• The problem
In the copy of the lines below, leave out pictures and print everything else exactly.

• Collected material
+++
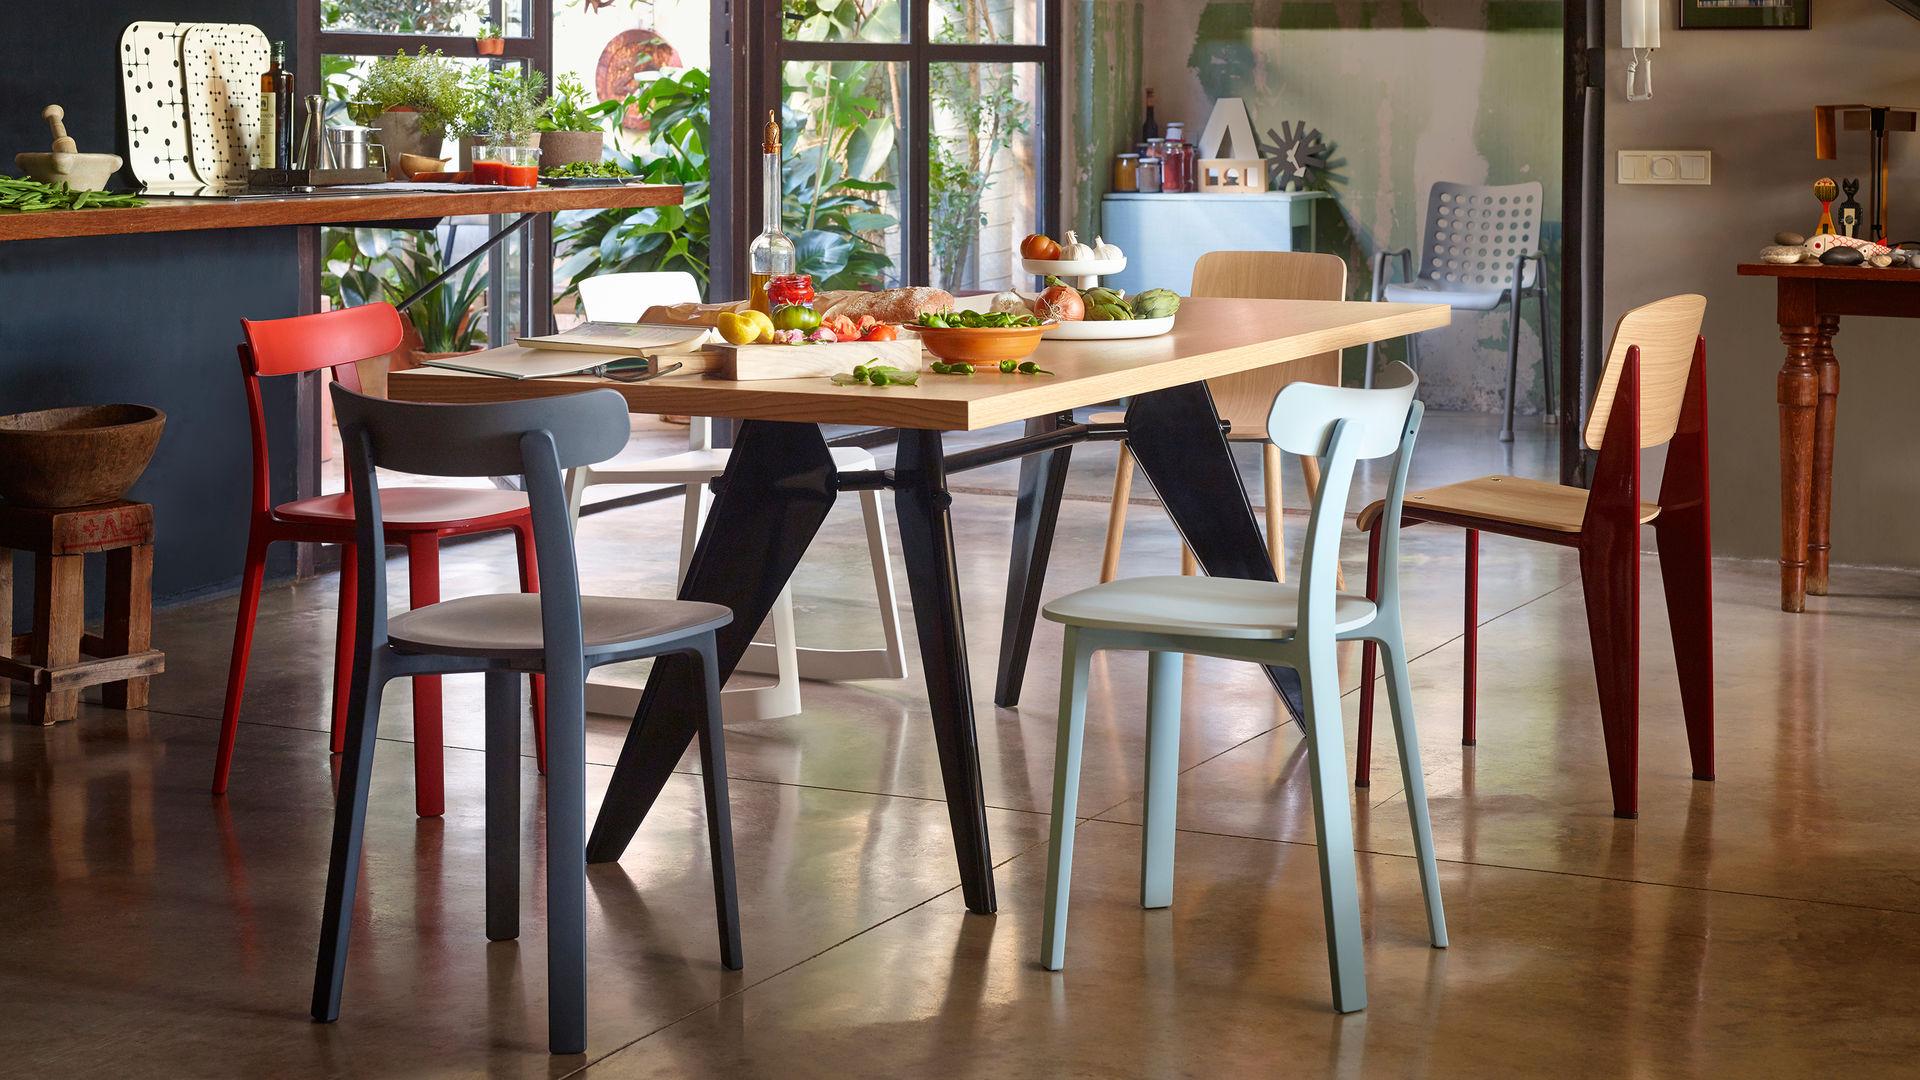 arredamento-interni-design-lusso-tavoli-lecce-brindisi-taranto
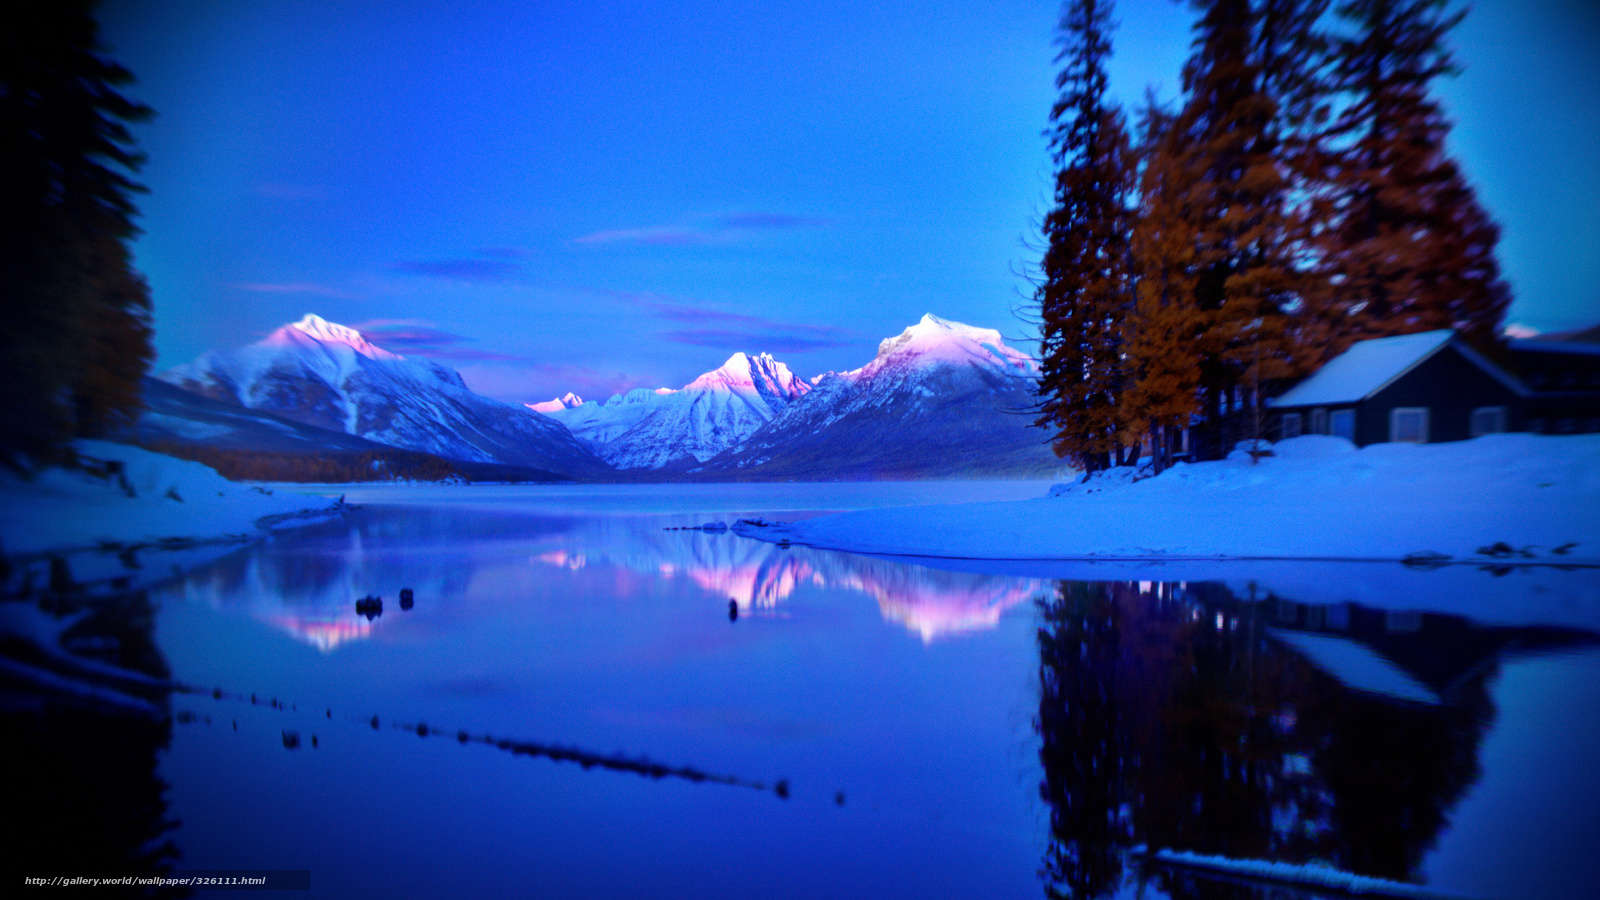 Scaricare gli sfondi inverno montagne loggia sfondi for Sfondi gratis desktop inverno
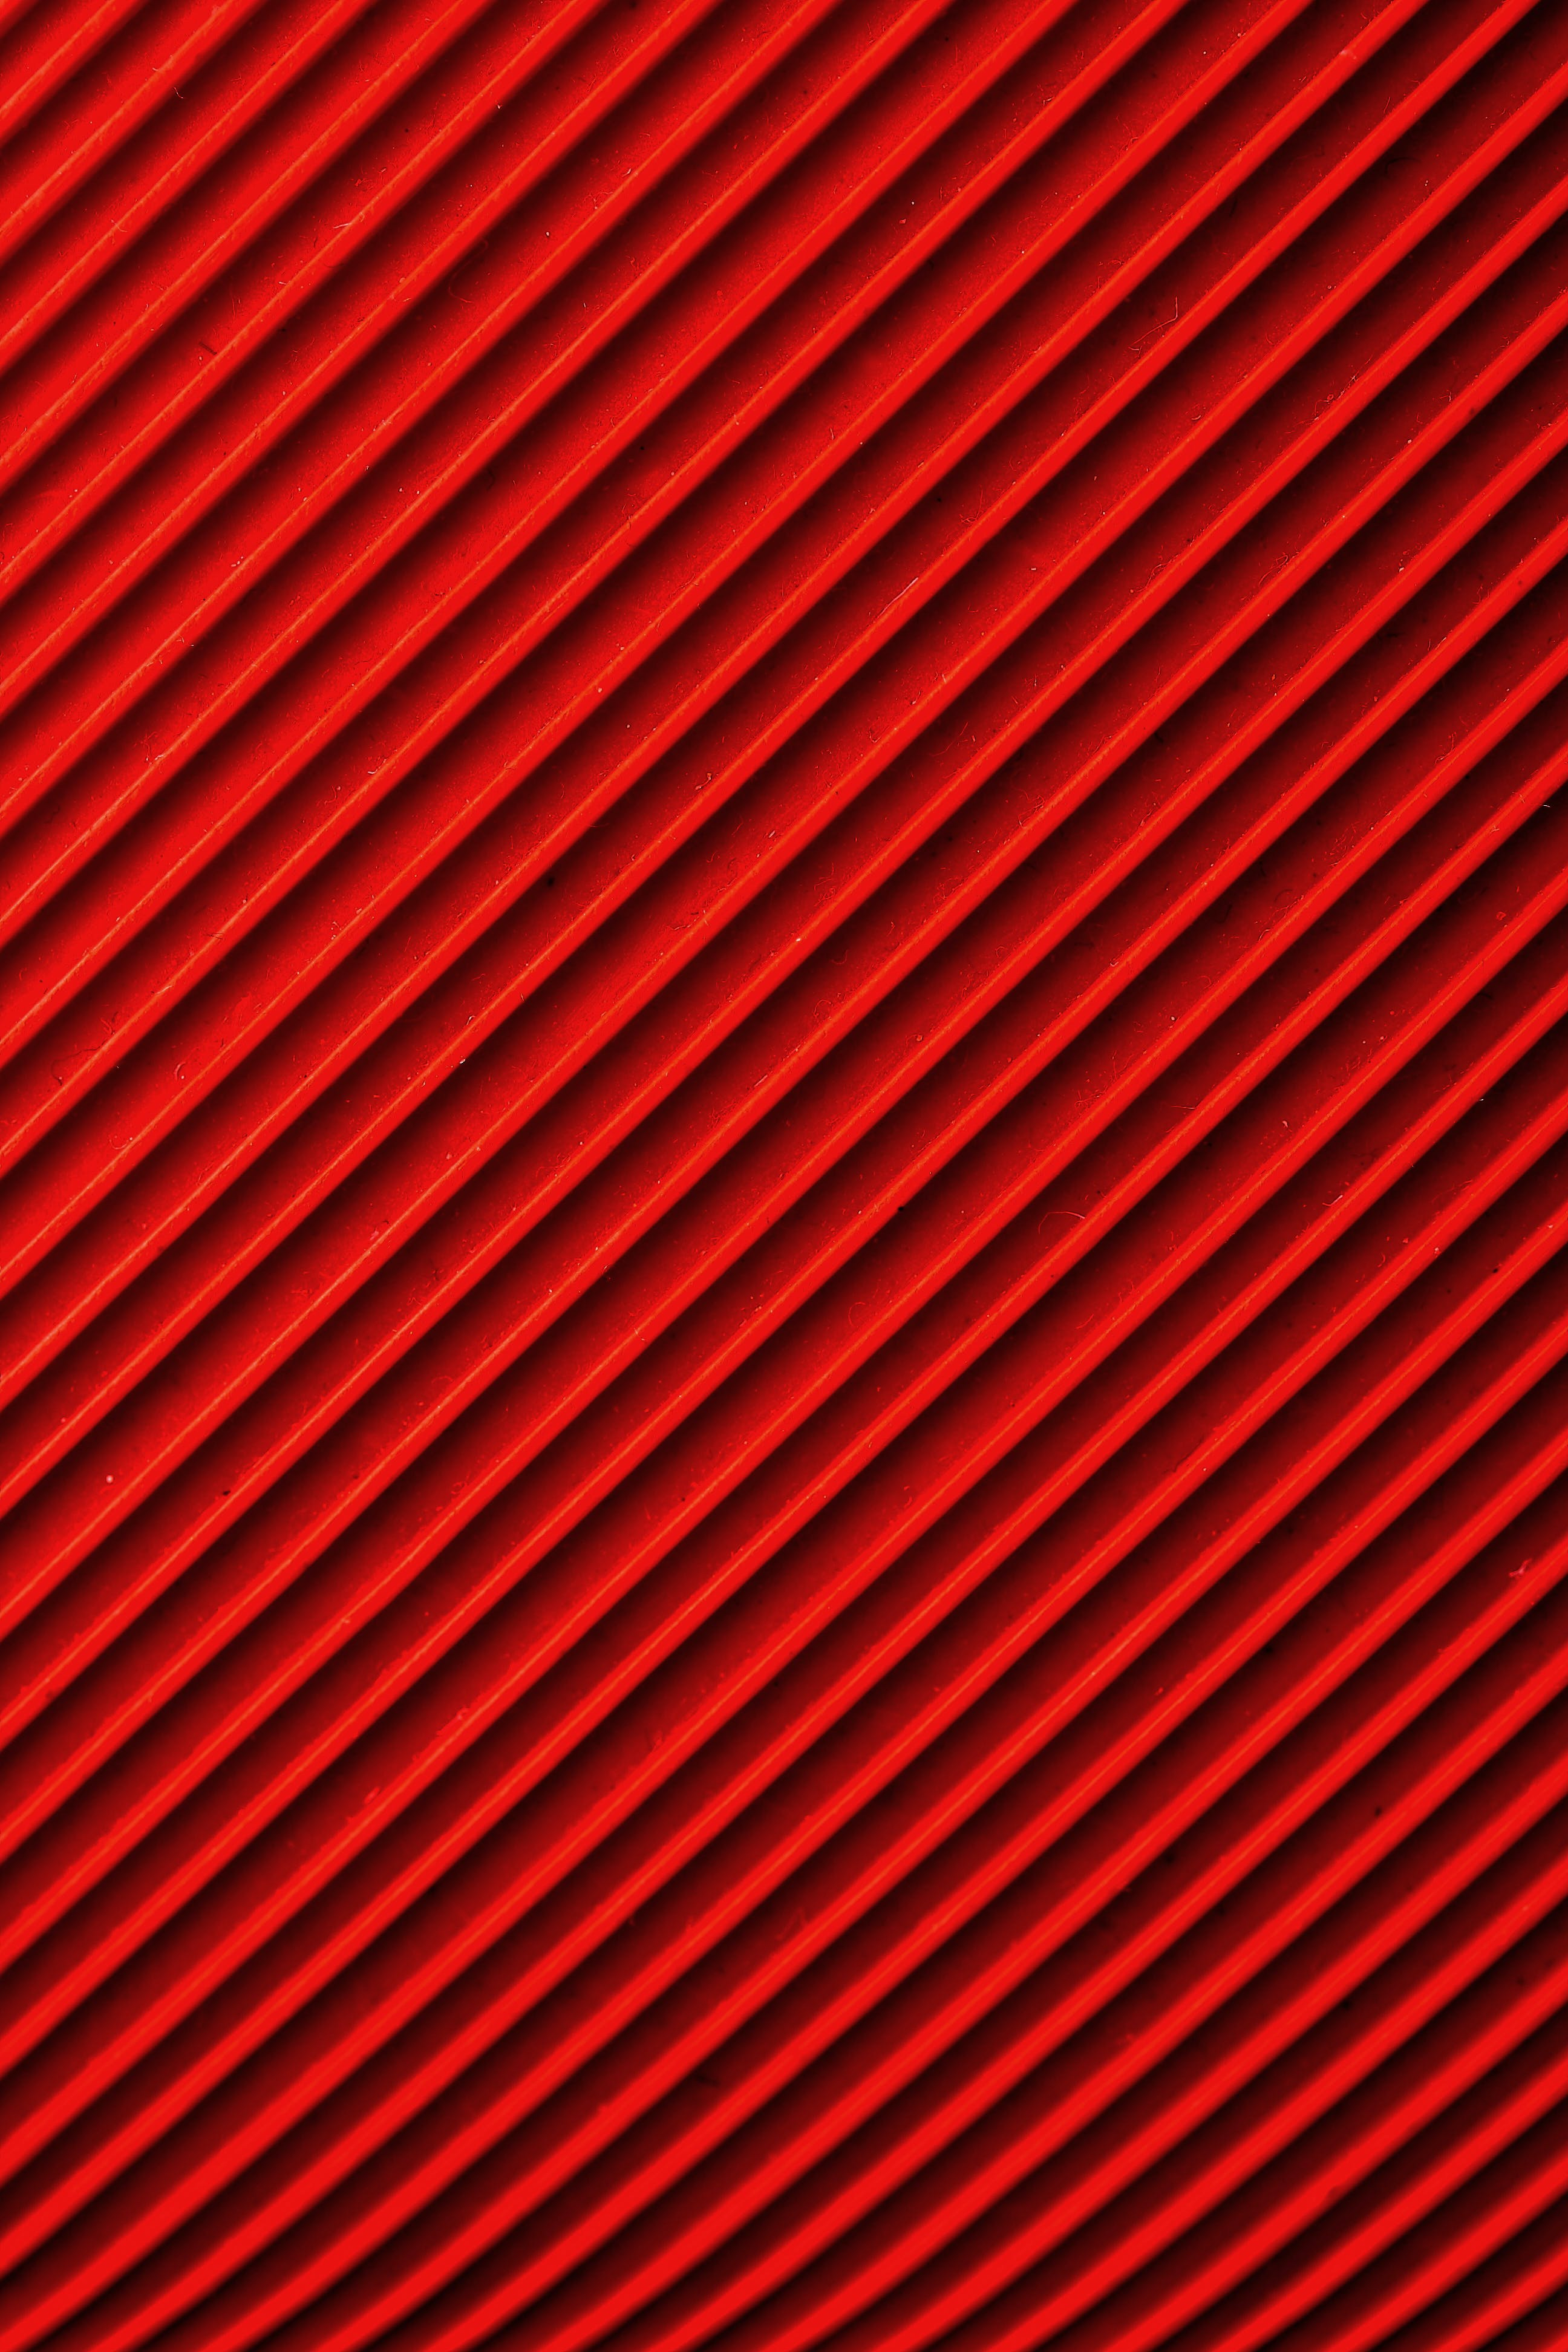 그래픽, 기하학적, 기하학적 패턴, 대각선의의 무료 스톡 사진
+++
• Answer below
 arredamento-interni-design-lusso-tavoli-lecce-brindisi-taranto
 Scaricare gli sfondi inverno montagne loggia sfondi for Sfondi gratis desktop inverno
 그래픽, 기하학적, 기하학적 패턴, 대각선의의 무료 스톡 사진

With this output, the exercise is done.